Based on the above statement, I suggest you do NOT buy a timeshare.  You'll be better off renting from owners.


----------



## bdh (Jan 17, 2009)

m61376 said:


> I own Aruba Plat. and today I can still book any of the arrival dates for weeks 1-3, which are the only 2010 weeks available to date.



When you say you can book weeks 1-3, do you mean at Aruba or MVC in general? If you own at Aruba, does that provide you reservation priority at Aruba over non-Aruba MVC owners?  Do you own more than one week and have the 1 month reservation advantage over single week owners?



m61376 said:


> I like the flexibility and not having to go the same week every year and still be able to make my plans in advance. For us, flexibility is far better than owning a fixed week.



No doubt that one of the basic TS concepts is flexibility.  Because of that, our yearly visit to KW seems to go in the opposite direction of the TS concept, however our trip is for a specific event and having the accommodations secured is a plus.  Note that while our week and specific unit is deeded, we are not fixed or committed to it, we just say we're not using our deeded week and the week gets converted to points and do an exchange within HVC or go externally to II. 




m61376 said:


> Presently, the only way to trade a really low trader for a prime week is in II during Flexchange (although sometimes people luck out further out as well). You can't combine 2 lousy weeks to get one great week. Marriott is a week for week system, which frankly I like. Interestingly, it is likely that Marriott will go to a points based system when they develop their own internal trading system, at least from what Tuggers here have surmised by the survey that several received a few months back. One of the things that many didn't like about the possible new system is just what you are asking- the ability to combine 2 lousy weeks to get a prime week. The flip side to that situation is that as more resorts get added on and the system grows, what was once bought as a prime week can no longer trade for a newer prime week, since the newer (and more expensive) resorts over time tend to get allocated more points and have higher values. I have noted some complaints from Starwood owners over time about this very issue.
> I like the fact that a Platinum week stands a good chance of trading into another prime week, not suddenly being worth 4 or 5 days elsewhere or requiring 2 weeks for a single week elsewhere. But that's me- others feel differently.

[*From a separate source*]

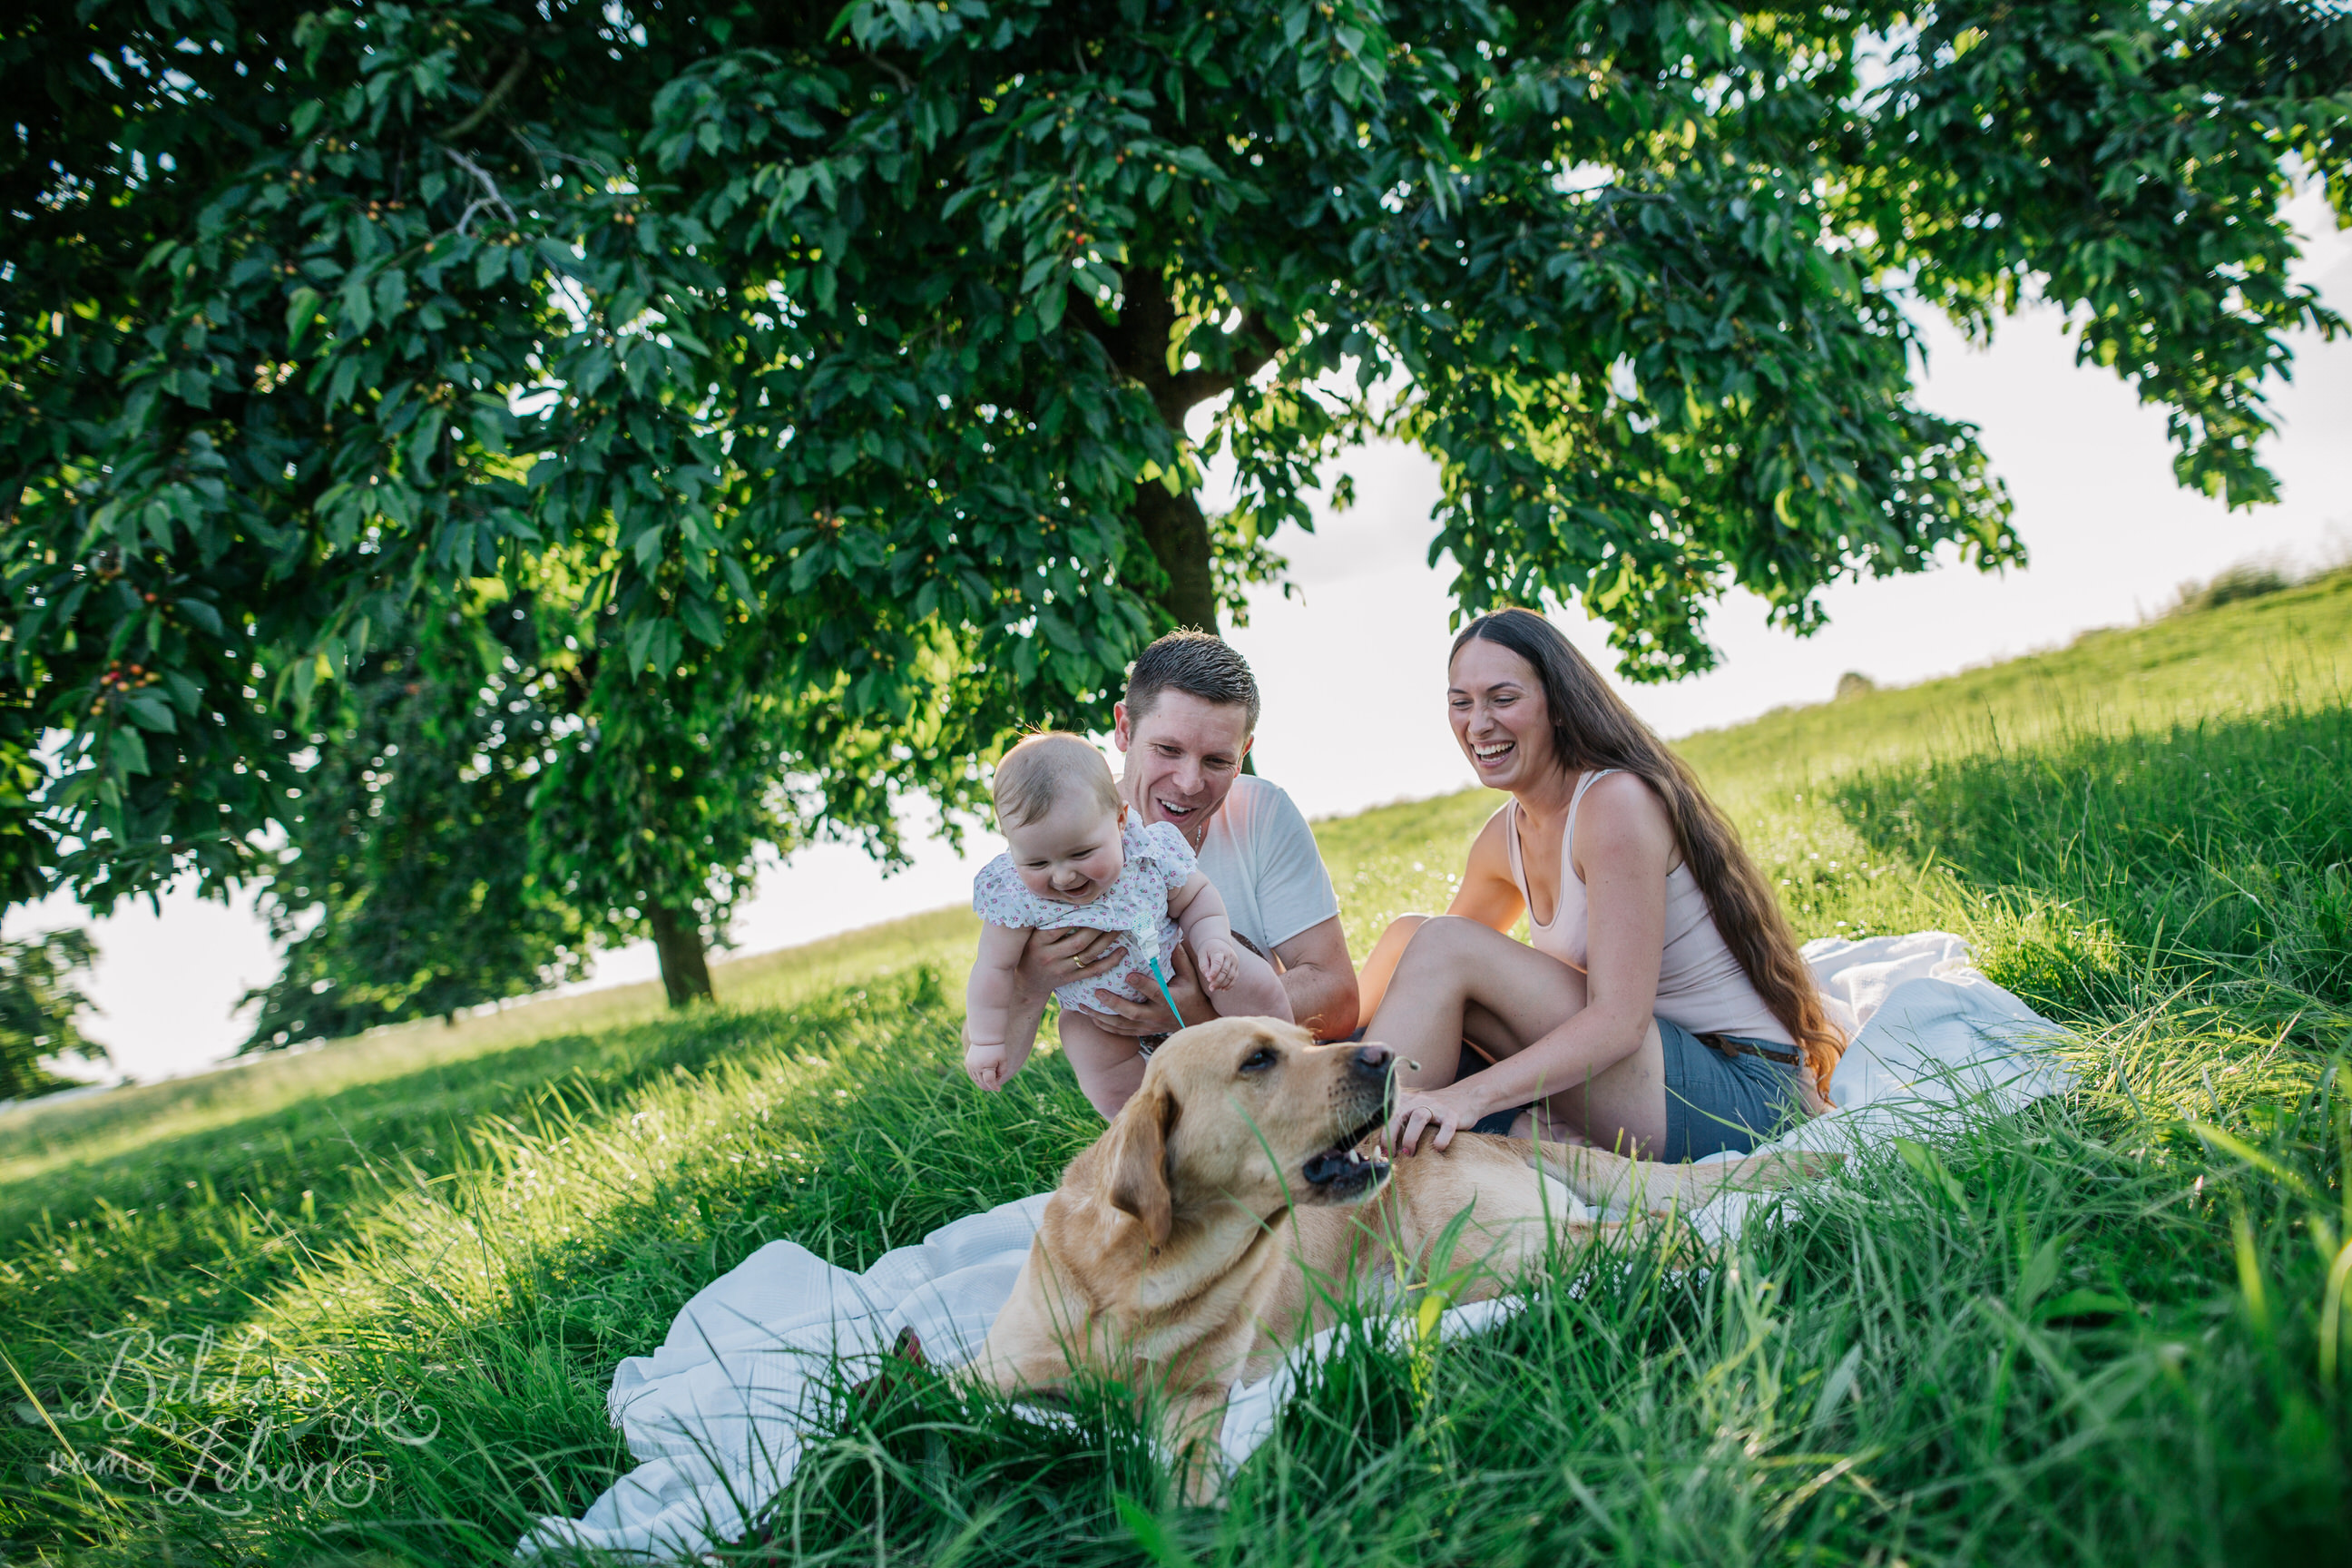 Greta-Labrador-Kinder-Portraits-BildervomLeben-2016-8137

I've read a few of the posts on the possible MVC conversion to points.  Obviously a lot of speculation as no solid plan or facts have come out - depending on how the point program is structured, it could be really good or really bad.  I also seen some of the Starwood comments on the point values and can understand their frustration with an old prime week/property not equaling a newer prime week.  That situation does not exist in the HVC system as the point value of a 2 bedroom prime week is the same amount at all properties regardless of age or amenities.  Since the point values for like units and like seasons is the same, its extremely fair as you receive exactly what you put in.  The ability to co-mingle points ("combine 2 lousy weeks to get one great week") is a positive as it provides an owner more flexibility since they have the option on how to use their points.  If a person wants to combine their two so so weeks (and two main. fees) to get one fantastic week, that's their choice as its their points.  Note that the converse is true - if a prime week owner wants to exchange to a non-prime time, they receive more than one week as the point value on the week they turned in is higher than on the week they are using (giving them two weeks of time for one main. fee).  This is where the saying "points are points" in the Hyatt world comes from - it doesn't matter what week or property they come from, the points all spend the same.           




m61376 said:


> I also really like the fact that if I decide to trade my Platinum week for another location outside of my system's internal trading, I can reserve and deposit the high value week I paid for in order to maximize my trade power when searching for another location. In contrast, for example, Starwood can select some lowly week and that becomes your trader in II, so that you may be searching with an off season week at a less desirable location when you own a prime holiday or peak season week at a prime resort. Although I like being able to retain my trade power, admittedly the flip side to that is that owners hog prime weeks for trading (although all owners have an equal chance and right to reserve them, which is fair since we paid for them regardless of how we are going to use them), so actually booking a holiday week may be difficult because other owners are booking them to trade or to rent.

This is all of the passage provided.